BEGIN Provided material

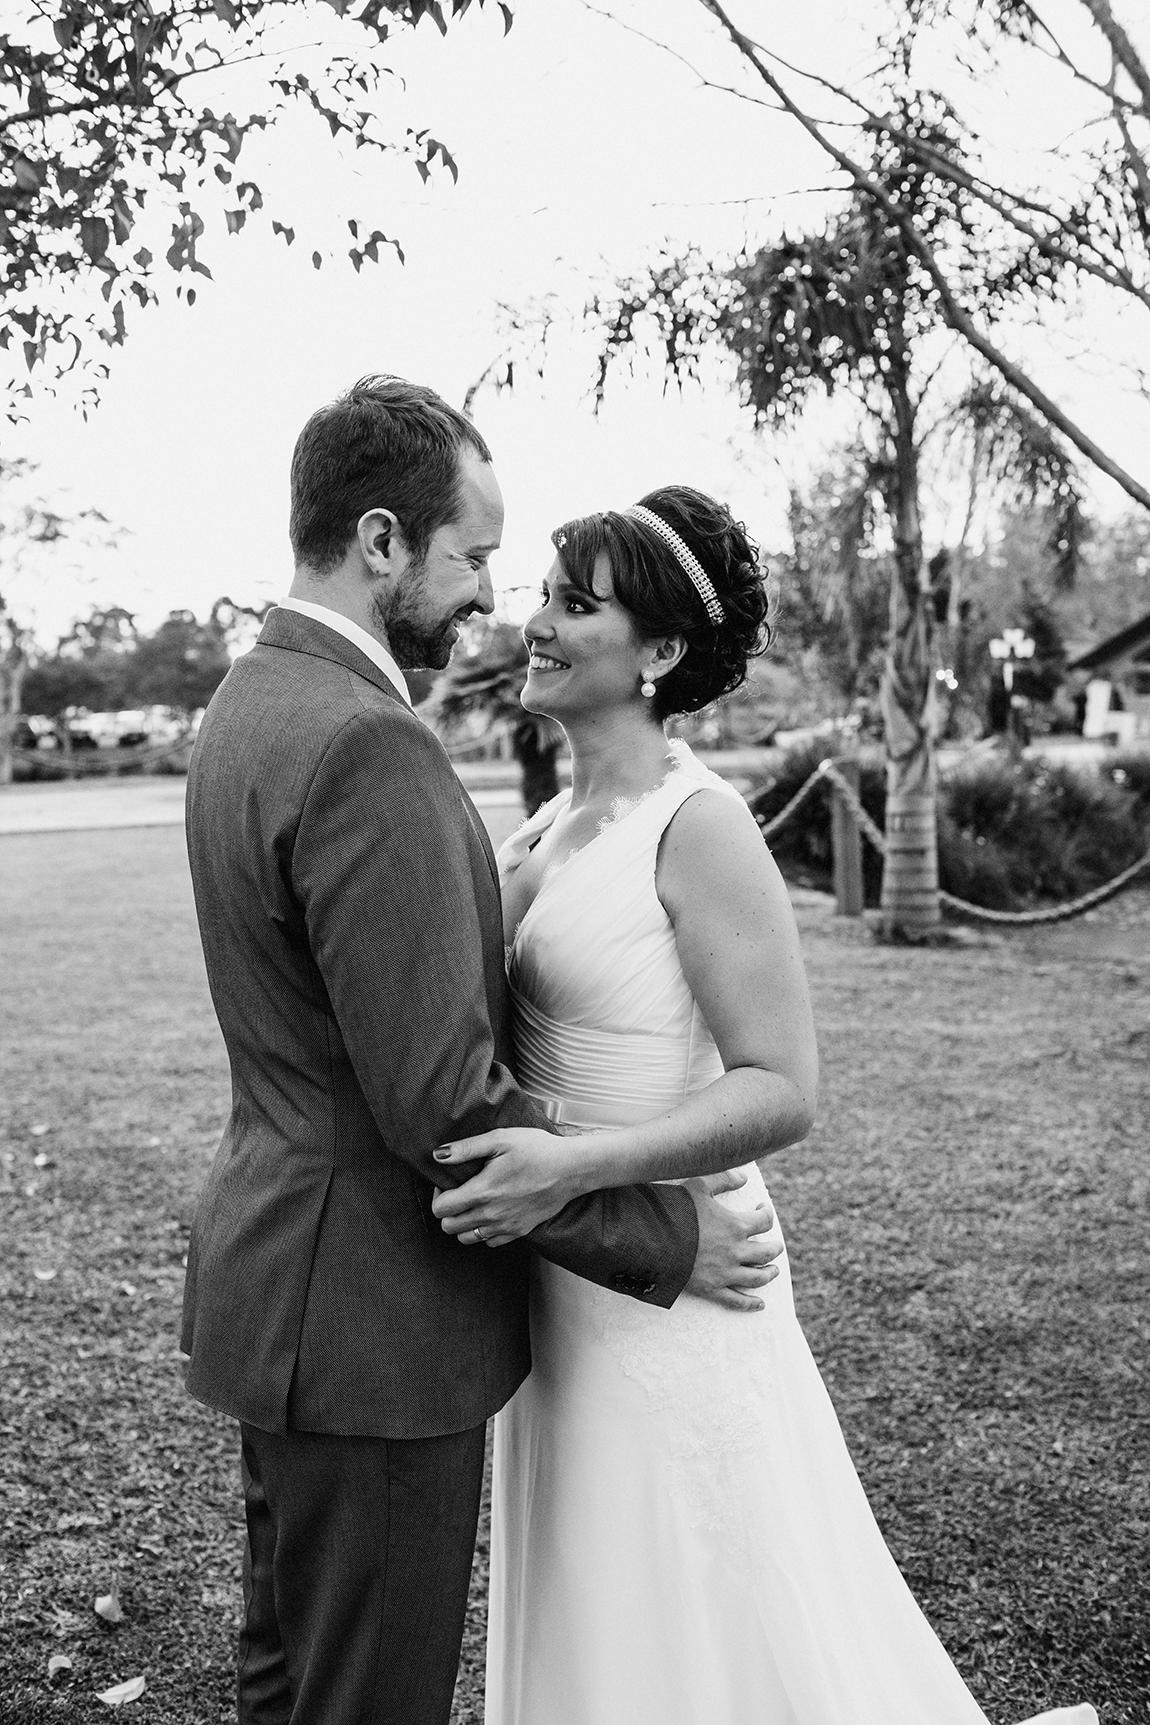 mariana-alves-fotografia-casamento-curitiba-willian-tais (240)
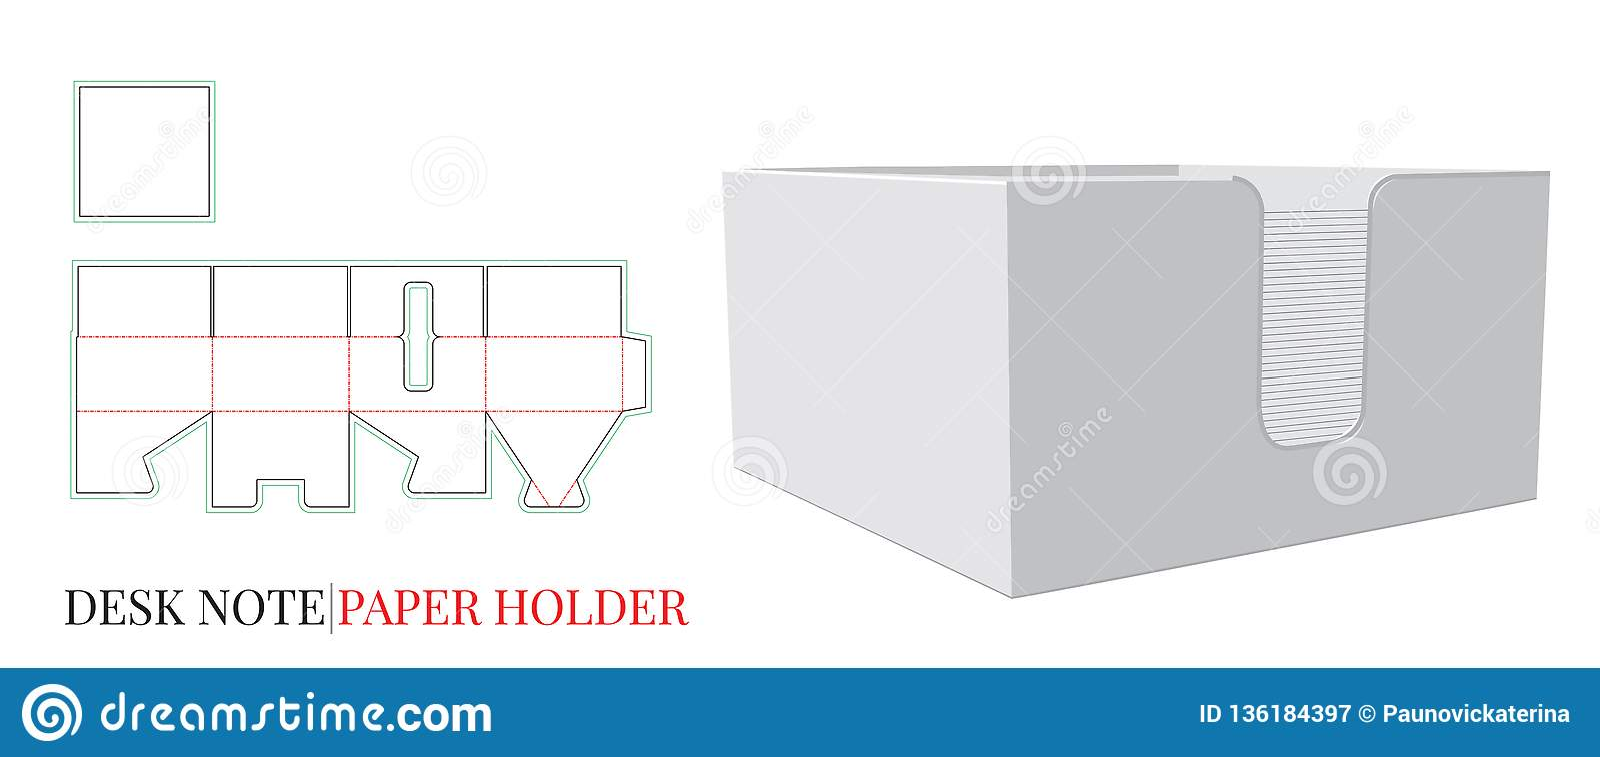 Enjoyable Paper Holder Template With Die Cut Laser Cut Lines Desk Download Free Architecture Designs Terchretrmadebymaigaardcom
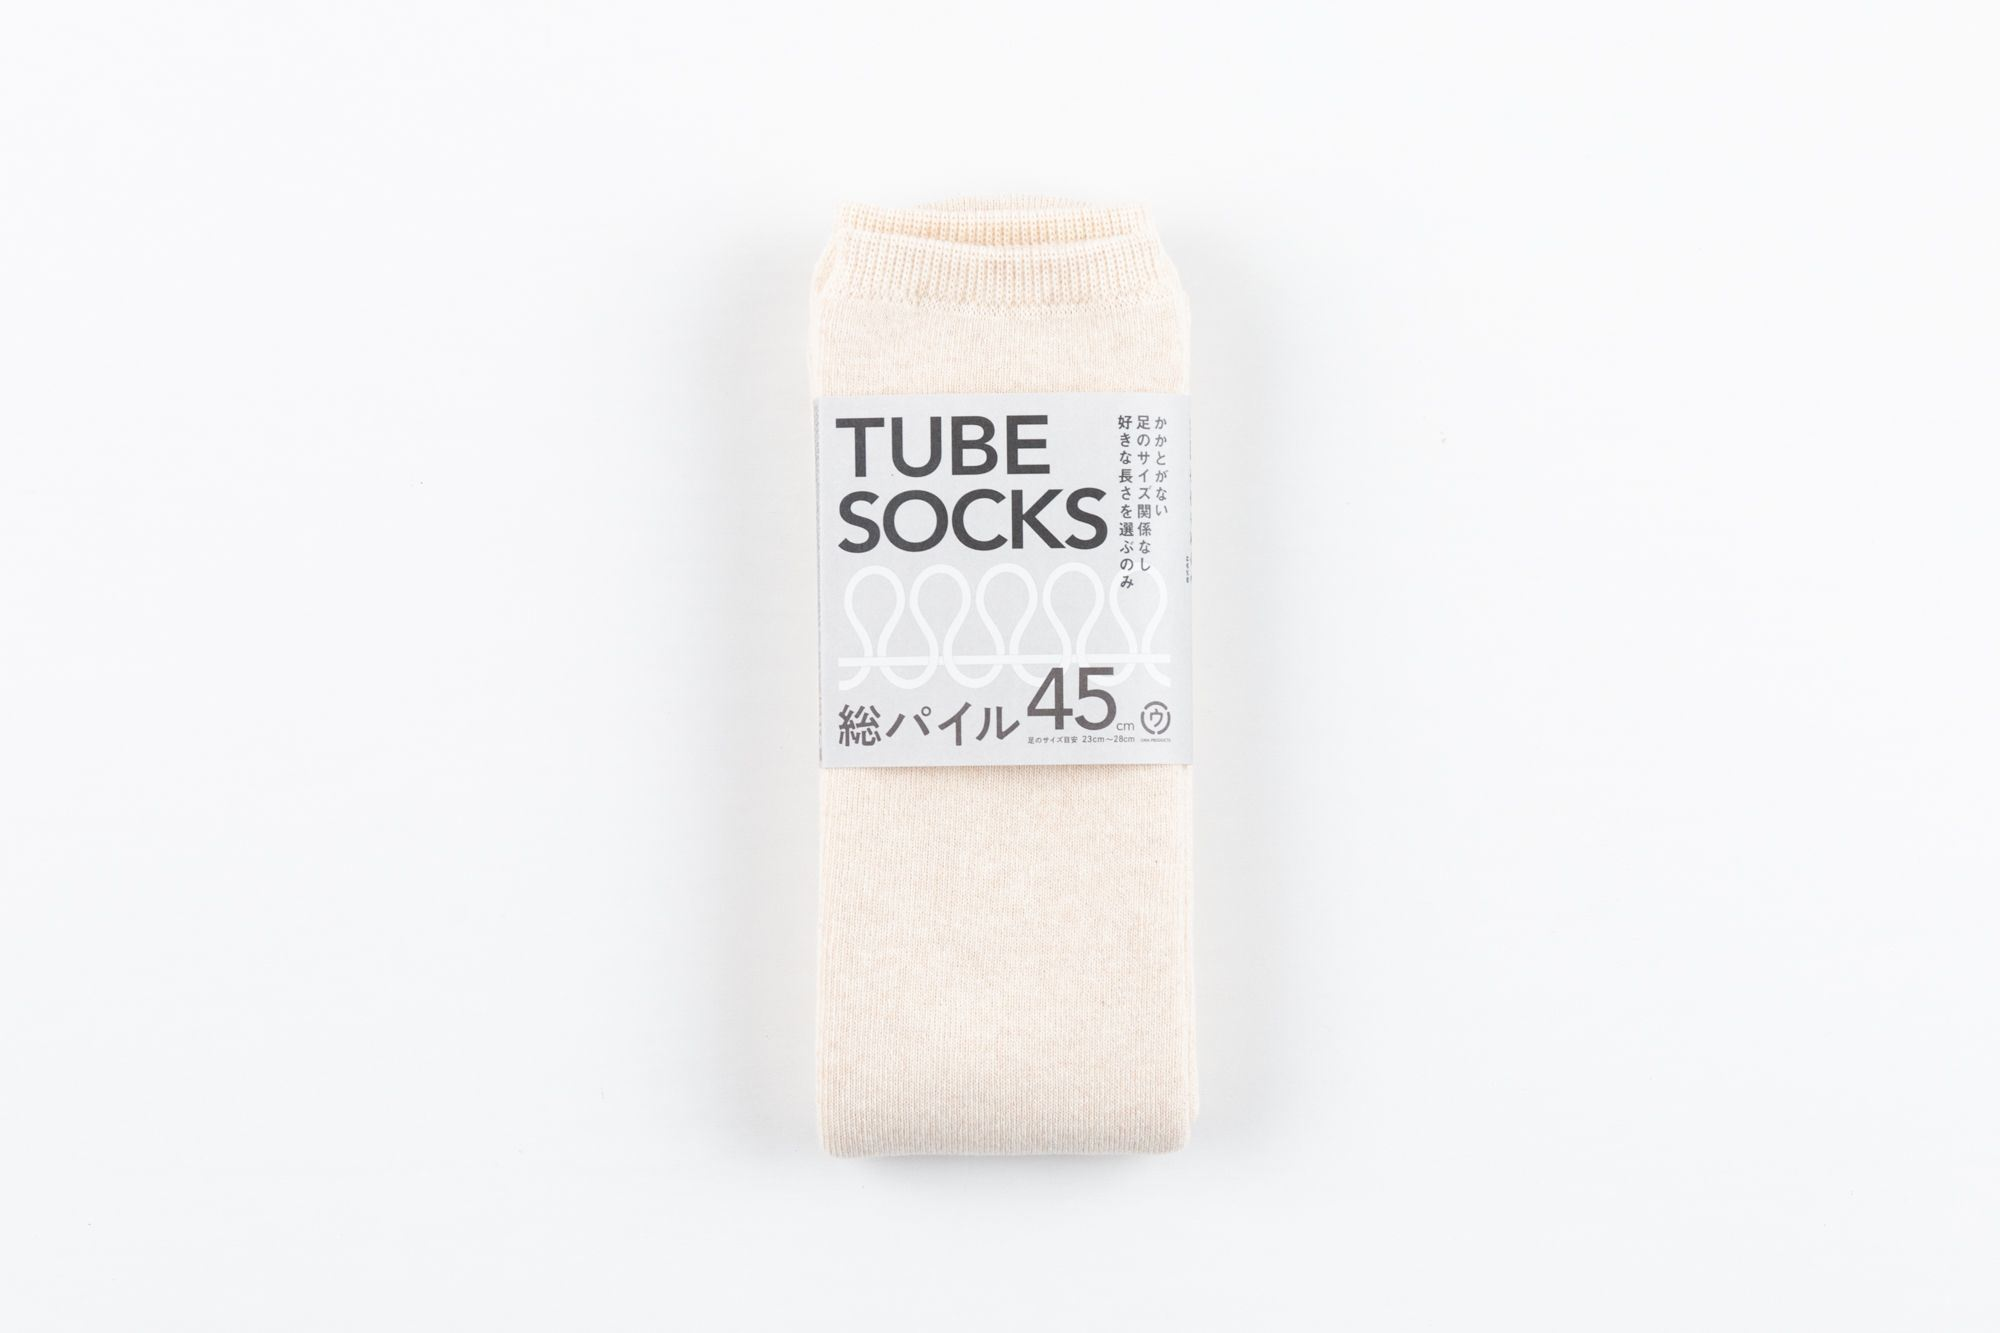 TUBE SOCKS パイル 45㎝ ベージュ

END Provided material

Restate the full listing verbatim and drop every picture.

 mariana-alves-fotografia-casamento-curitiba-willian-tais (240)
 Enjoyable Paper Holder Template With Die Cut Laser Cut Lines Desk Download Free Architecture Designs Terchretrmadebymaigaardcom
 TUBE SOCKS パイル 45㎝ ベージュ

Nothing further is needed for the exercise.